La memoria di tutti ritiene solo una parte ridottissima del vissuto e la riplasma nel tempo a seconda del mutare dell’esperienza. Questo succede a tutti. Per me, che ci lavoro (in un certo senso), a volte è lo stupore di sentirmi in ostaggio, altre è lo smarrimento di un dono, che può risuonare come verità, e non è detto che non sia doloroso a volte quanto altre felice. La lingua (ancora la lingua) è un fatto che ha in sé la potenza dell’allegoria, cioè di poter significare altro o come altro essere interpretata (automatismo e controllo formale sono gli strumenti imperfetti della comunicazione sociale). La memoria e la lingua sono così intessute che condividono gioie, traumi e degenerazioni patologiche. Non è facile sorprenderle, quando, a tua insaputa, ordiscono traduzioni, invenzioni, rimozioni, ci configurazioni… ma il lavoro necessario a produrre la forma poetica a sua volta mette in campo forze uguali e contrarie, che provengono dalla memoria e dalla lingua medesime.

Quale funzione ha nella tua produzione la prosa (sia essa narrativa, critica e/o teoretica) e quale rapporto intesse con la poesia?

Si impara da tutto, e quindi anche scrivendo (e leggendo) narrativa, critica, estetica. Ma la poesia è un’altra cosa, è più povera, più elementare, più originaria: non ha trama, psicologia, ambientazione; non intrattiene, non illustra, non detta un’etica spendibile in società, né attiva alcuna spendibile didattica.
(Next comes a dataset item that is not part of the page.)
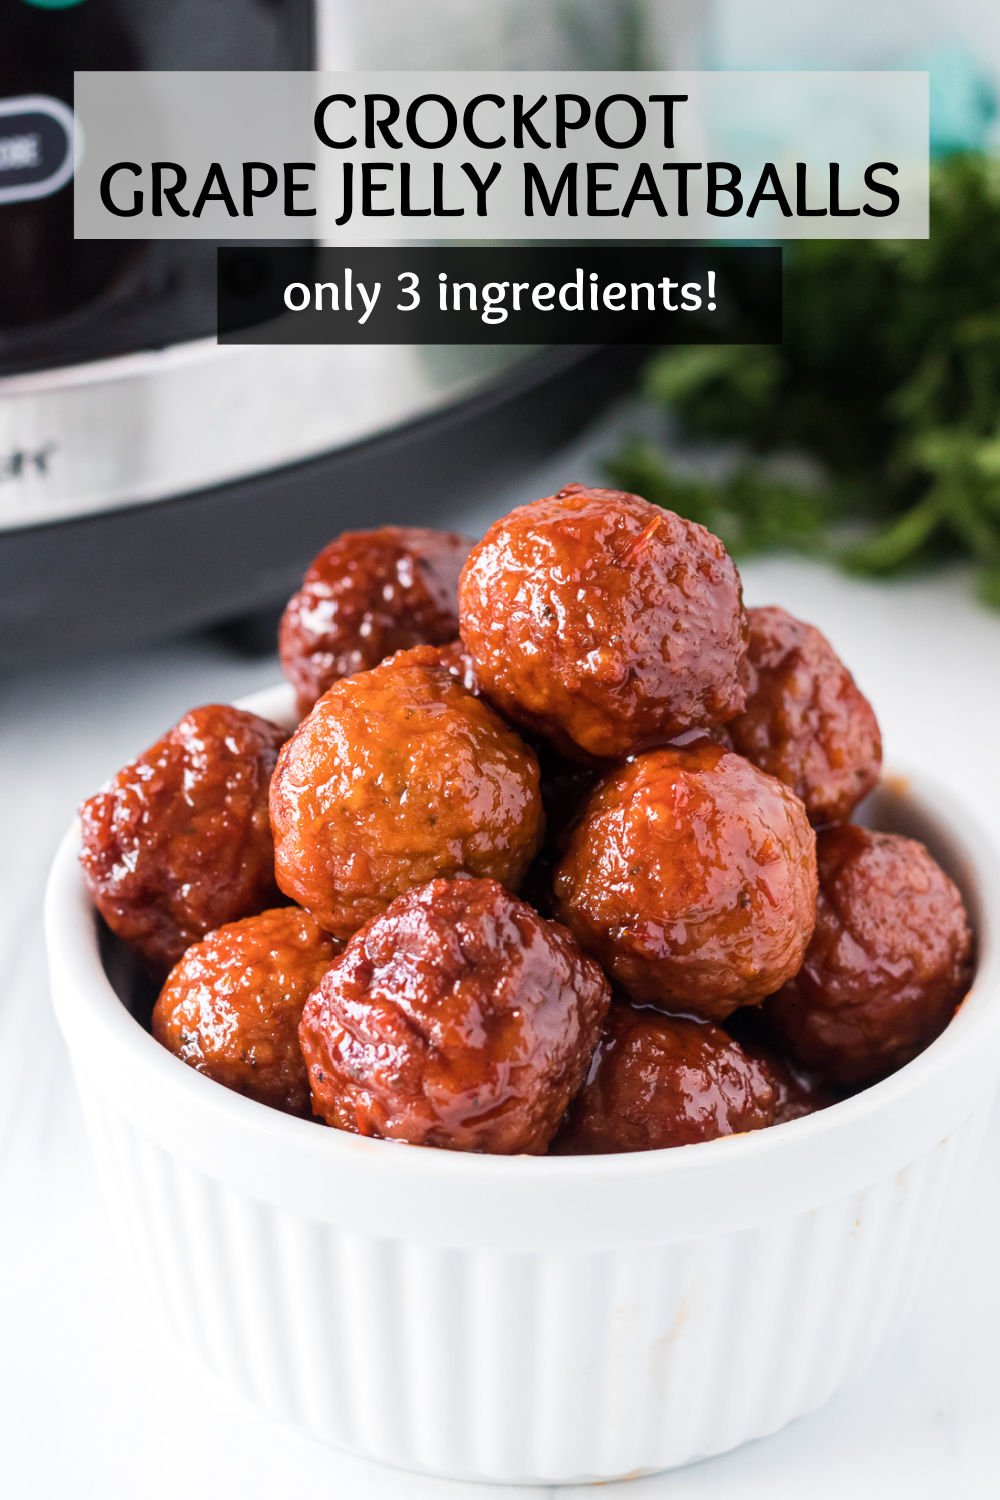 Tender meatballs slow cooked in a simple grape jelly and chili sauce. These meatballs make for the perfect simple savory party appetizer or easy dinner idea! | www.persnicketyplates.com

O almeno non dovrebbe. E non puoi soltanto leggerla. Sereni: “La poesia non si legge; con la poesia si convive”.

Quale rapporto ritieni di avere con le nuove generazioni di poeti, e come percepisci le nuove forme di poesia? Puoi descriverci qual è il tuo sentimento del futuro collettivo?

Spero che la sbornia di novità generata dai cosiddetti “social” svapori, e che i nuovi strumenti tecnologici di comunicazione diventino vere facilitazioni alla relazione tra le persone, prima di tutto. Poi: ci sono donne e uomini, poet* più giovani di me, alcune e alcuni molto più giovani, di talento evidente. Faranno, credo e spero, quello che tutti tentiamo di fare e altri hanno tentato di fare in passato: percorre una via di verità, intensità e coraggio. Molti sono anche quelli che cercano scorciatoie, che però – in verità – portano da tutt’altra parte, perché la meta non è il “successo” o l’autoaffermazione (quali, oggi, e quanto miserabili?), ma la gloria, la “gloria della lingua”, sempre quella pantera, quel profumo.